Since we believe that a successful business must be a large business, we are turned off by the idea of starting small. We want to create the next big thing so that we are consistent with our concept of success. However, the more complicated you make your business, the more difficult it will be to bring it to life.

There is one other reason why people overcomplicate their business. People fear what they do not know. Humans, from the beginning of time, have feared the unknown. That is why we are taught not to talk to strangers as children and why we often get anxious when put in unknown situations. This want, to control everything around us makes starting a business innately scary.

Starting a business is full of unknowns, and a consequence of this is that people take it upon themselves to know everything about their business before starting.

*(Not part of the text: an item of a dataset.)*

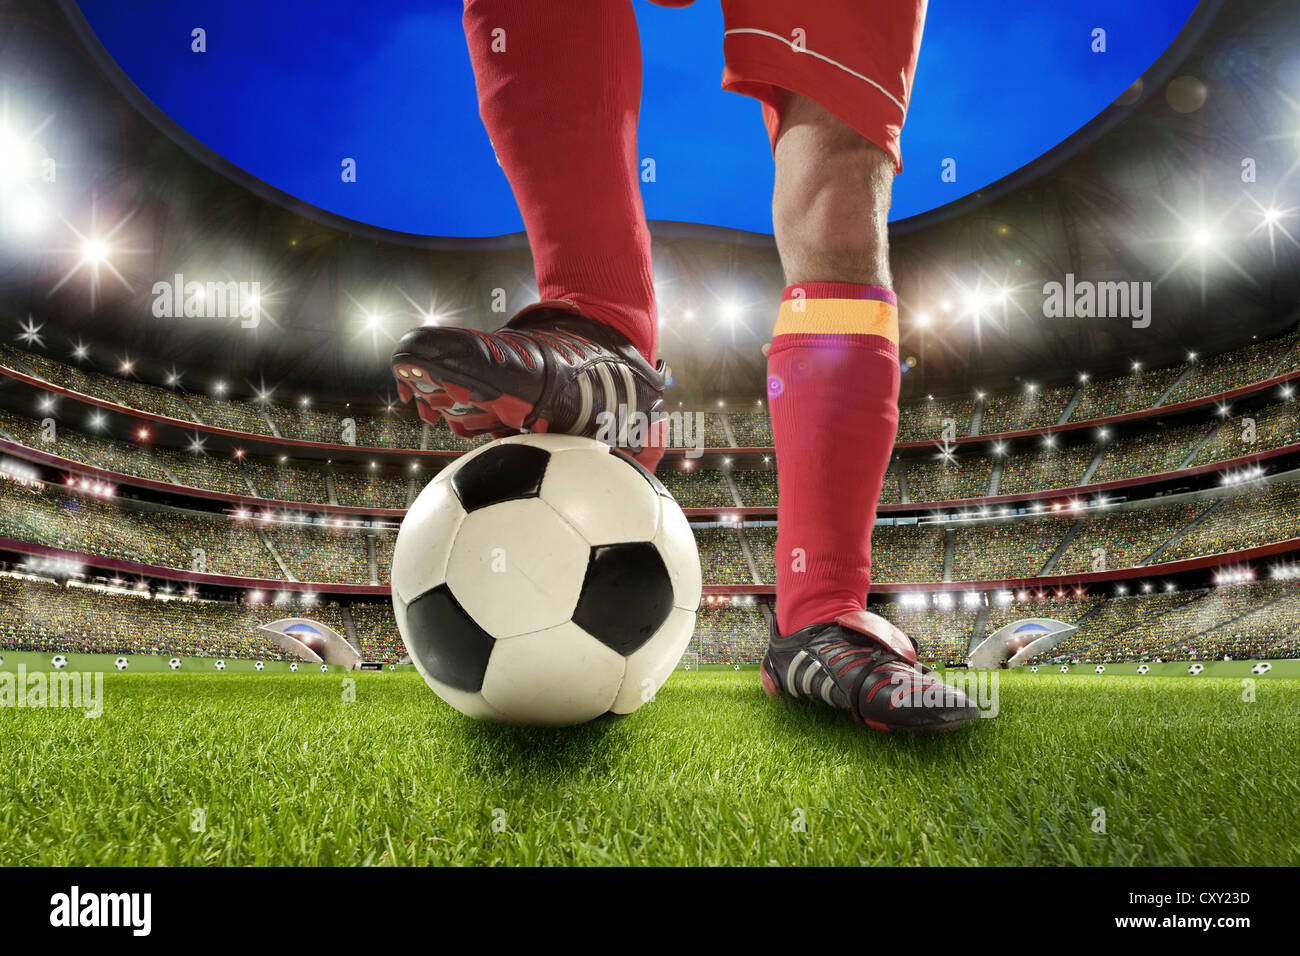 Soccer player, legs, soccer ball, soccer stadium Stock Photo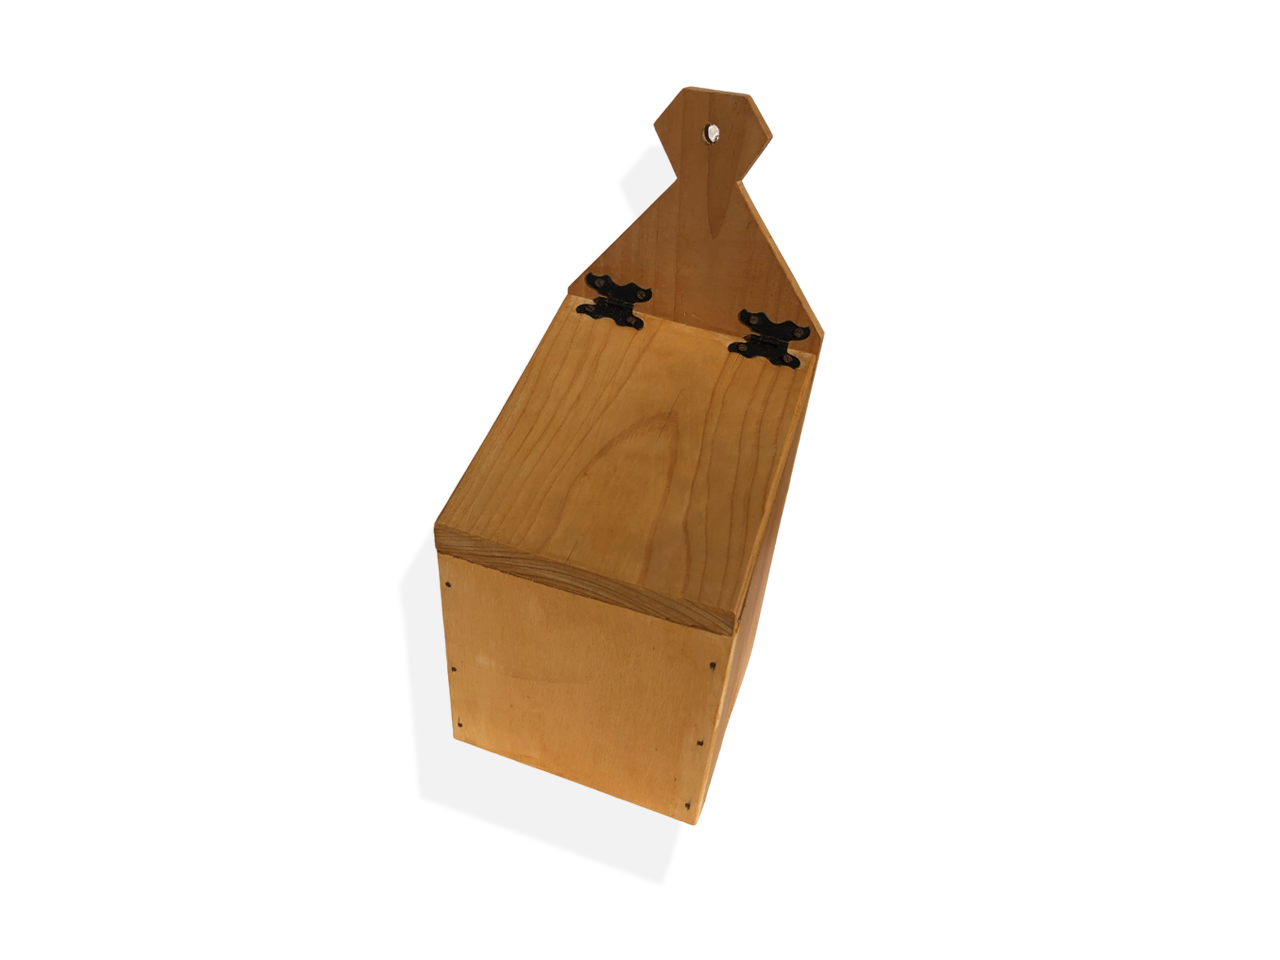 Porta oggetti in legno, con coperchio.

This is often called paralysis by analysis. When overanalyzing a situation can cause forward motion to become “paralyzed”, meaning that no course of action is decided upon. None of us will ever understand EVERYTHING that’s going to impact our business. The quicker we can come to terms with that, the quicker we can start making actual progress. A great quote by American theologian Reinhold Niebuhr sums this up nicely:

Quote from Reinhold Niebuhr on coming to terms with control

KEY TAKEAWAY

“If you are insecure, guess what? The rest of the world is, too. Do not overestimate the competition and underestimate yourself. You are better than you think.”

– Tim Ferris

Throw away that business model canvas. Stop overthinking your idea. Stop trying to control everything. If you think you can help solve a problem in this world, go for it. If you want to sell body wash, who cares that there is already Dove. Do you want to help individuals with their tax returns? You don’t have to be the next H&R Block. Stop trying to be a multi-billion dollar brand and focus on a simple way to solve people’s problems. Start small, grow big, and never doubt yourself along the way. Tim Ferris said it best, “You are better than you think.